Bakın yarın bu ülkenin temel taşları yerinden oynadığında yuvarlanan kayalar önce sizlere çarpar. Çünkü önde giden sizlersiniz, Suriye’deki olaylardan kaçıp gelenlere bakıyorum. Gariban olanlar çadır ve konteynır kentlerde yaşıyor. Paralı zengin olanlarsa şu an Gaziantep’te oturacak ev beğenmiyorlar. İşte bunlar bu güne kadar Suriye halkının kanını sömüren sülüklerdir. İşte yarın aynısı bizim ülkemiz içinde geçerli, ülkede rejim değiştiğinde, asıl ülkesini sevenler, çadırlarda veya aç sefil yardım beklerken, varlıklı olanlar kaçıp başka ülkelere sığınacaklar.

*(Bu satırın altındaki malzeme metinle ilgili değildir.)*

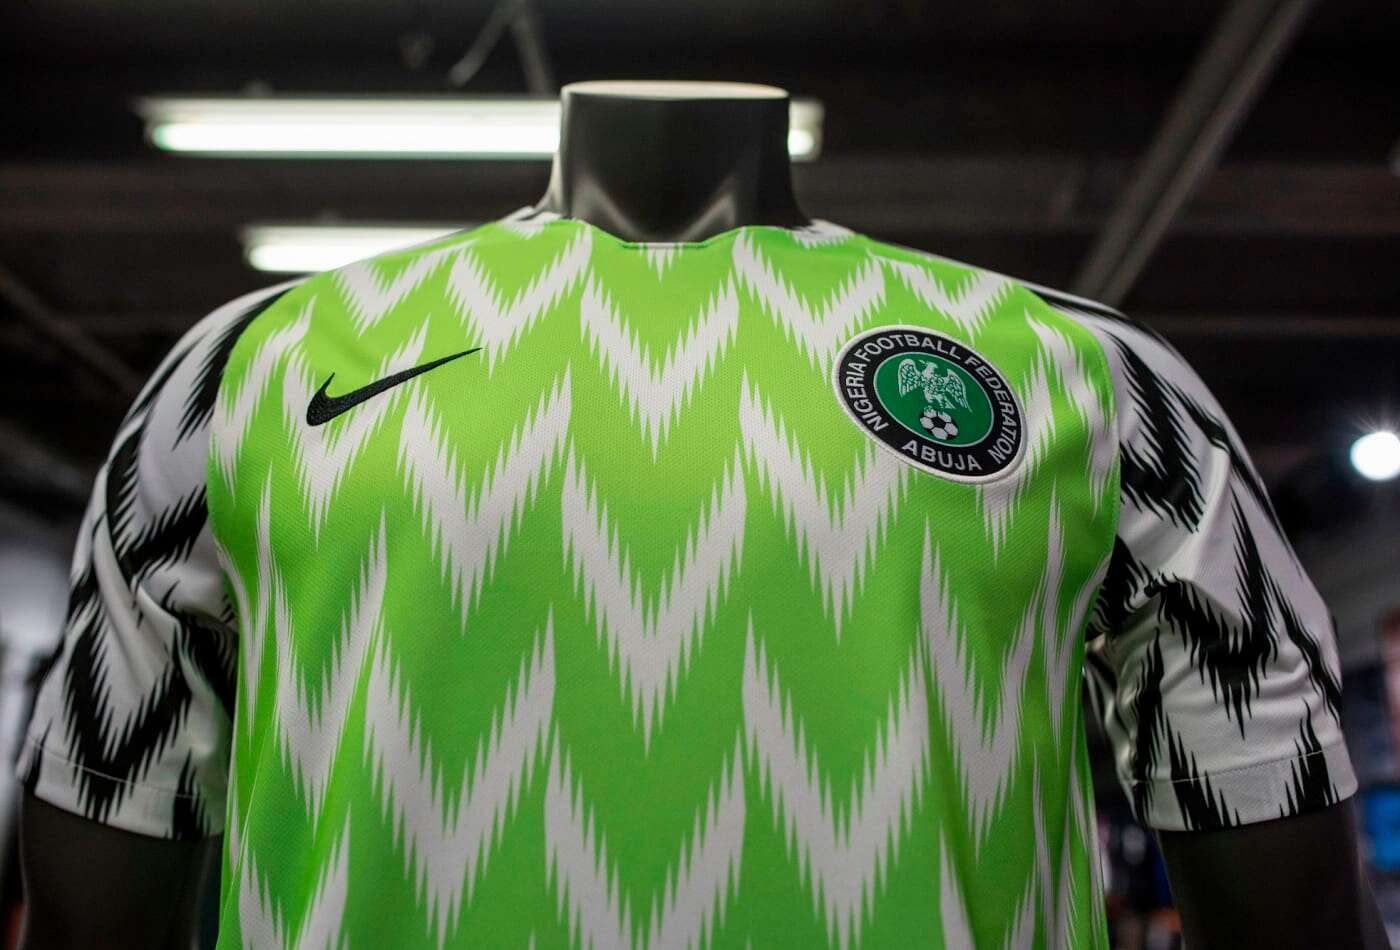 Super Eagles’ 2018 W/Cup shirt rated 5th most iconic Jersey
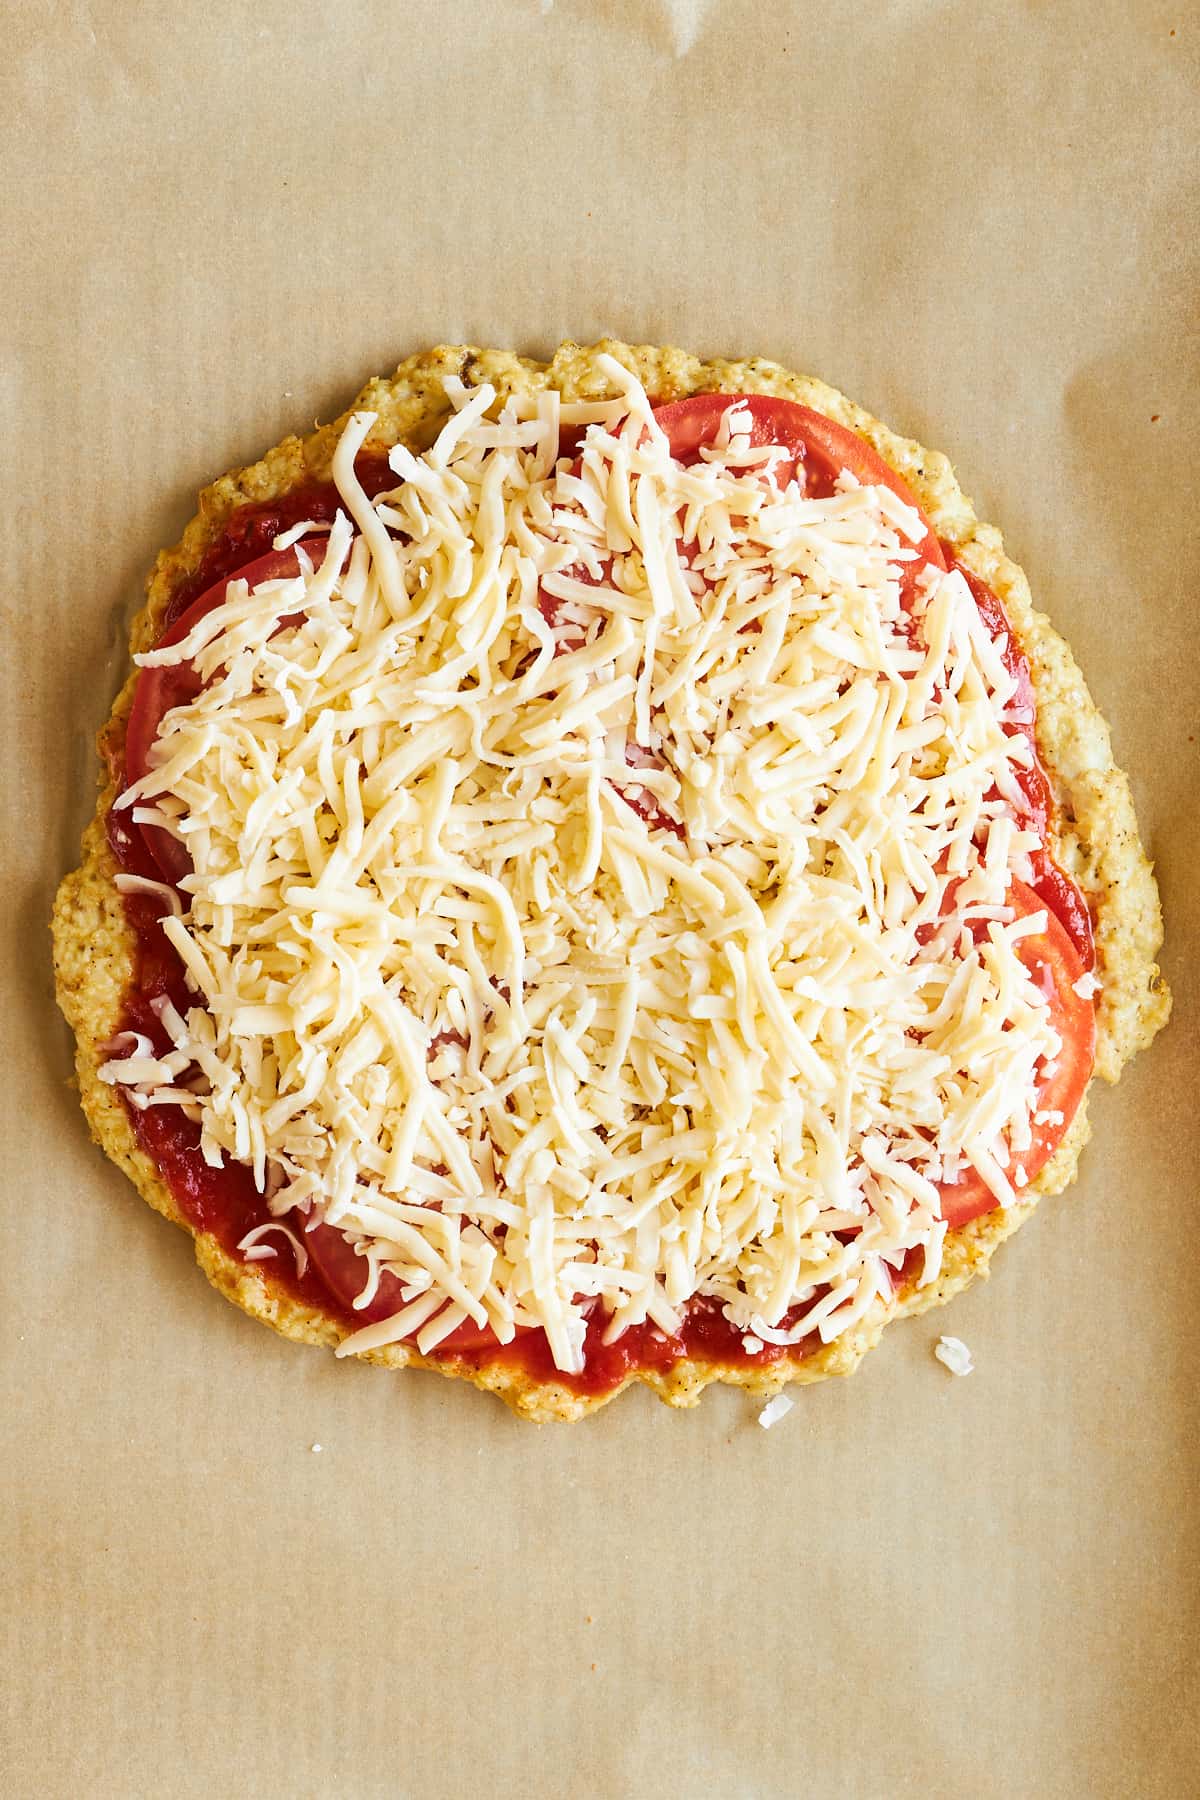 Chicken pizza crust topped with marinara sauce, tomatoes, and cheese.

Çünkü Cumhuriyet öncesi bunun yaşayan ata dedelerimiz, bu ülkenin varoluşu ile Cumhuriyeti nasıl kurduklarını, bizlere tarih sayfaları ile arşivlerle, miras bırakmışlar. Bakın ve örnek alın diye, ancak şu an bunların hepsi rafa kalktı, birileri kendi gelecekleri için, ülkeyi halkı gözden çıkardı. Ama, bizim vatandaş Aziz Nesin’in dediği gibi,gözünü bir noktaya dikmiş başka bir yeri görmüyor. O noktada ise yedi şeritli,gök kuşağı var. Yani pembe tablo ile hayal dünyasında yaşamak, ancak orada yaşamak için, canlı değil. Ruhun oraya yetişebildiğini aklına getiremiyor.
Bu nedenle; şu an ülkede yaşananlardan ders alamayanlar, yarın dizine vuracak ama iş işten geçmiş,urbalara bürünmüş olacaklar. Benim için fark etmez. Biraz sakal bir de takke taktım mı, buda bizdenmiş derler. İşte bencilliğin kurbanı olmaya layık bir toplum için ne yazsan boş.